It’s Thursday night and your car spins into the parking lot of the school for your child. You hurriedly park, grab your car keys, and rush into the school building. You speed walk into your child’s classroom, grab them by the hand, and then rush back into the car to fight the evening traffic. Once you arrive home it is like a mad dash – homework, dinner, wiping noses and/or tears, cleaning up after everyone, brief moments of adult conversation (if you’re lucky), bathing, story time, and then bed. As you sink into the chair or your bed later that night, you may wonder whether you actually spent any quality time with your child or rather did you just participate in a human assembly line of child rearing tasks?
This is a story that many parents have shared with me over the years. It is also a story that I have experienced with my own toddler. Life just becomes so busy that we find ourselves rushing through our day or evening and missing the opportunity to strengthen the relationship with our child(ren) by providing them with uninterrupted, one on one, quality time. Trust me, I understand that it is tough to build that time into an already jam packed day; however, I also know that as a parent you have to intentionally schedule that “special time” with your child or it just won’t happen.

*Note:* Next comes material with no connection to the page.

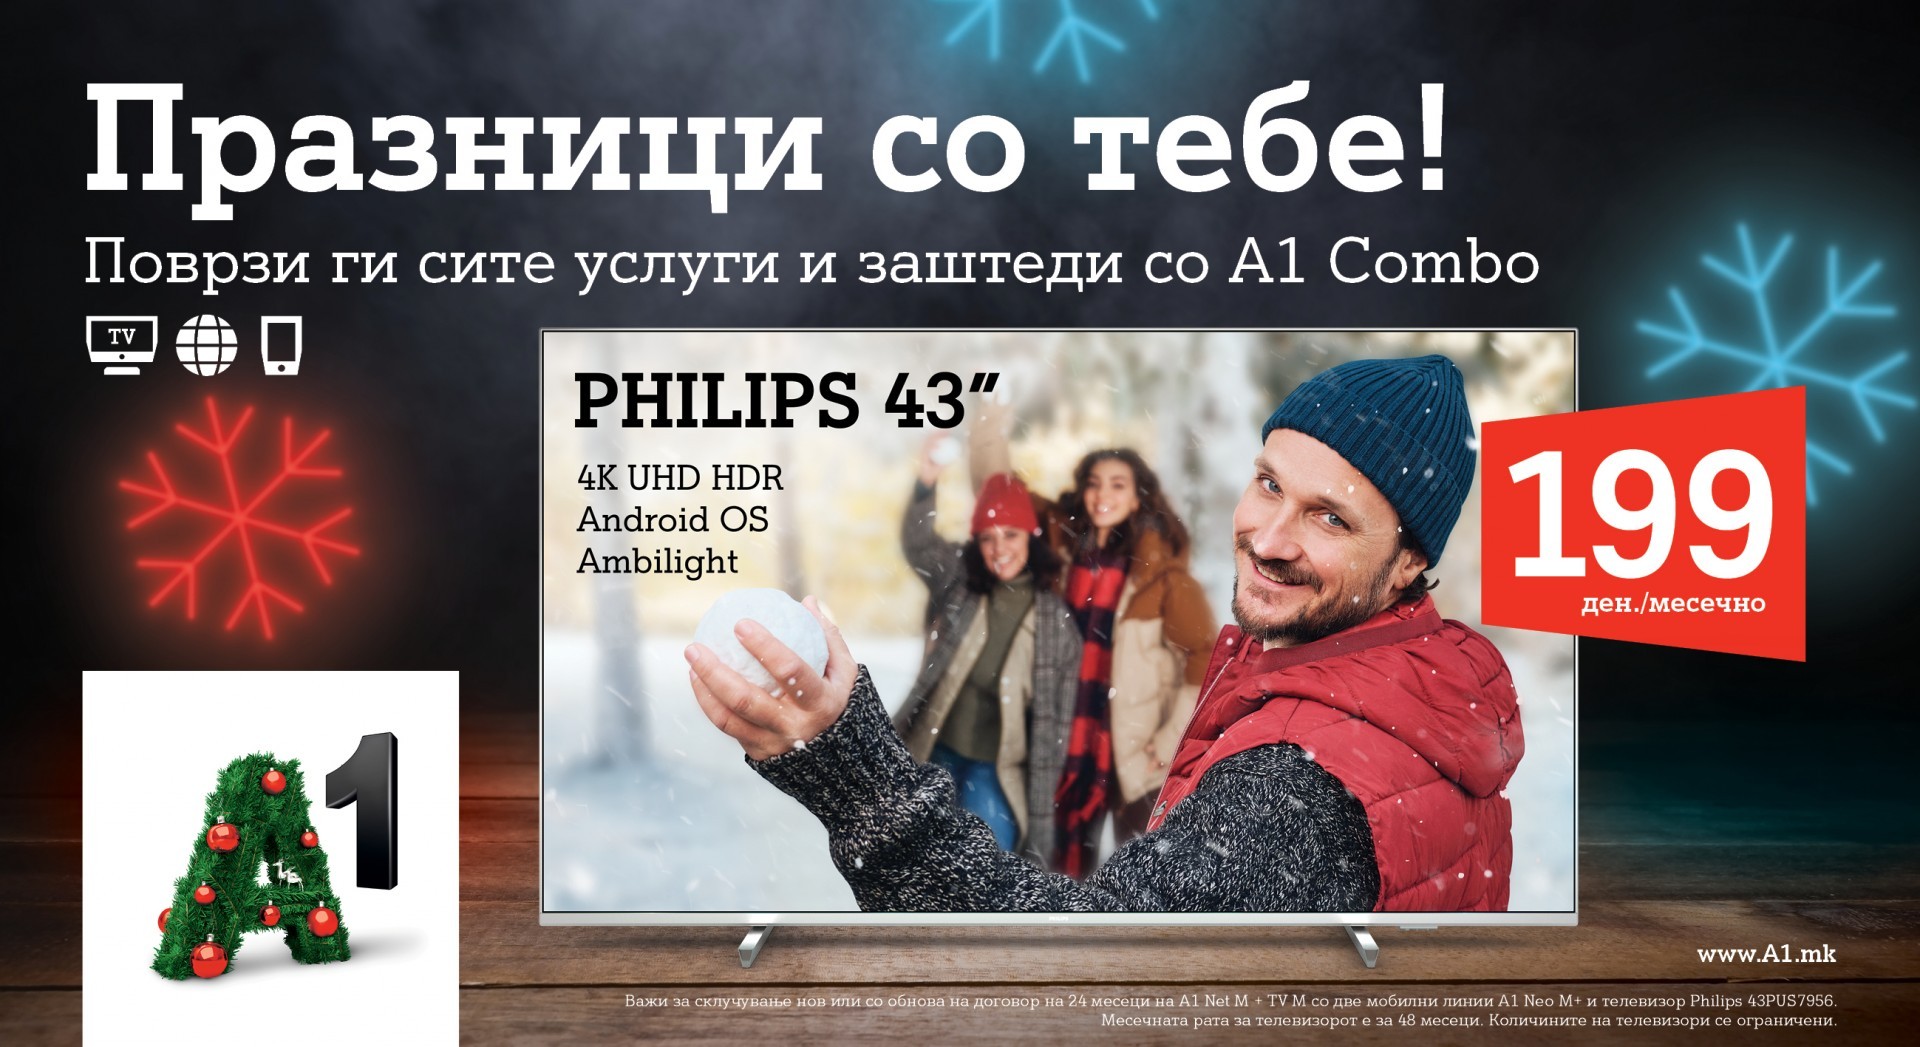 A1 Македонија за новогодишни празници со тебе - поврзани услуги и заштеда со A1 Combo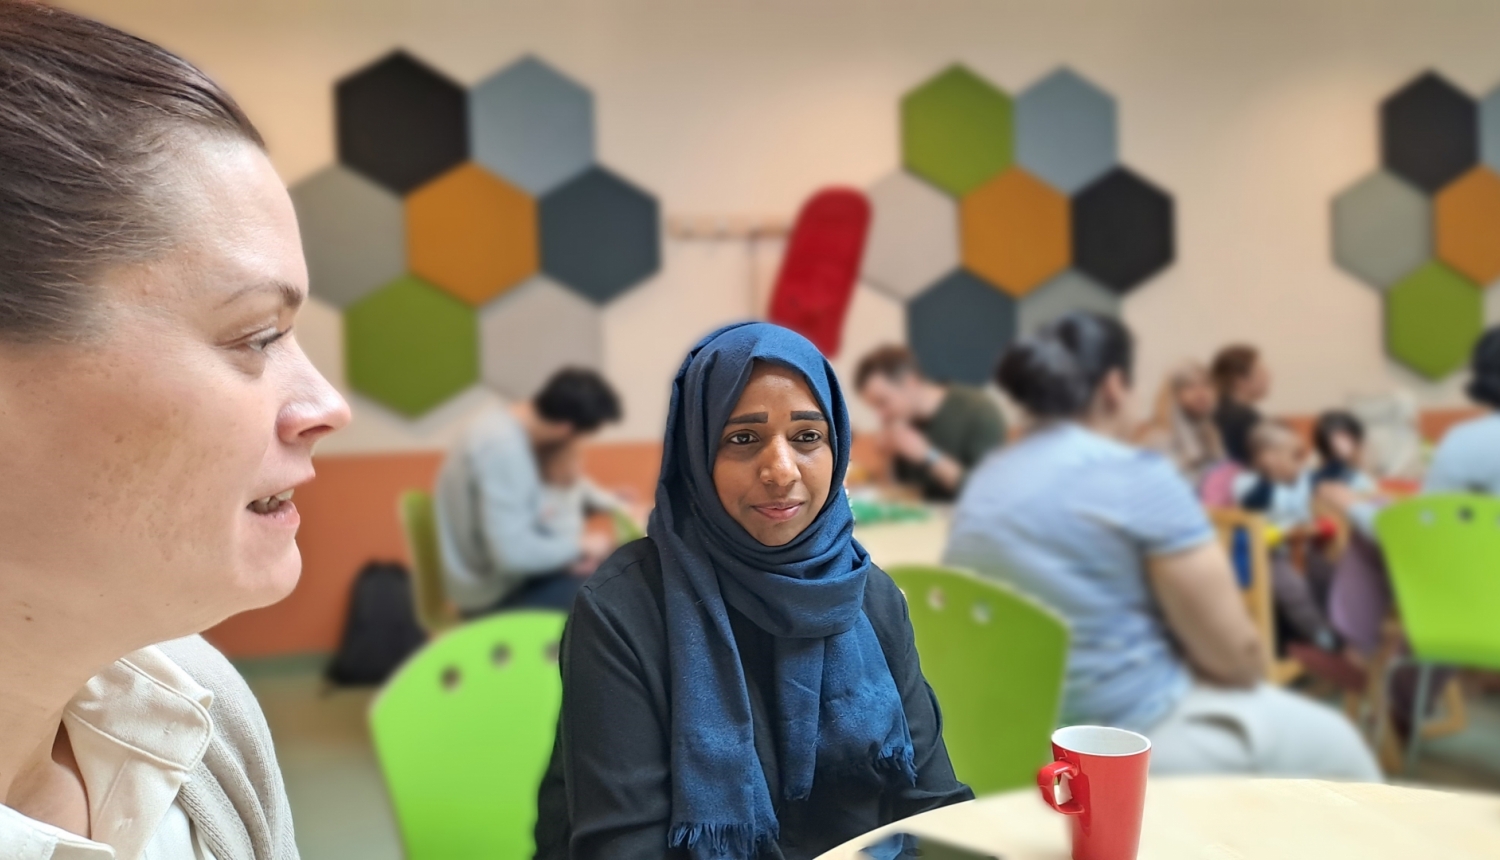 Zviedrijā sastaptā sieviete no Palestīnas sēž kafejnīcā

Special time is different than your regular time with your child. It is strategically focused on boosting parent-child attachment, building confidence in your child, improving child behaviors, and it symbolizes a parent's unconditional love for their child. For children, special time occurs 5 out of 7 days per week and it is approximately 10 minutes each day (I encourage only 10 minutes because it can realistically be done multiple times per week) and for our teens I typically recommend once or twice a month doing an activity that he or she really enjoys. The special time is essential to building a healthy relationship and it occurs regardless of whether your child has behaved well or badly and it is never used as a form of punishment. Special time is about promoting quality time and that is not something your child has to earn.
Special time is a collaborative play-based activity that your child chooses and leads (Yes, you will follow your child's lead during special time!). Special time is about unplugging and you will need to silence the phone and/or text messages and not allow any distractions during special time. This means that if you have other children in the house, you may want to have special time when there is another adult in the house to supervise. You also want to have special time in an area where other children won’t disturb you and your child (for some families that even means going outside, if weather permits). To help discourage other children from interrupting another child’s special time, you may want to allow the other children to engage in tasks that they may not normally have frequent access to, such as technology, audio books or movies with headphones on, or allow them to have a light snack while you are having special time with each child.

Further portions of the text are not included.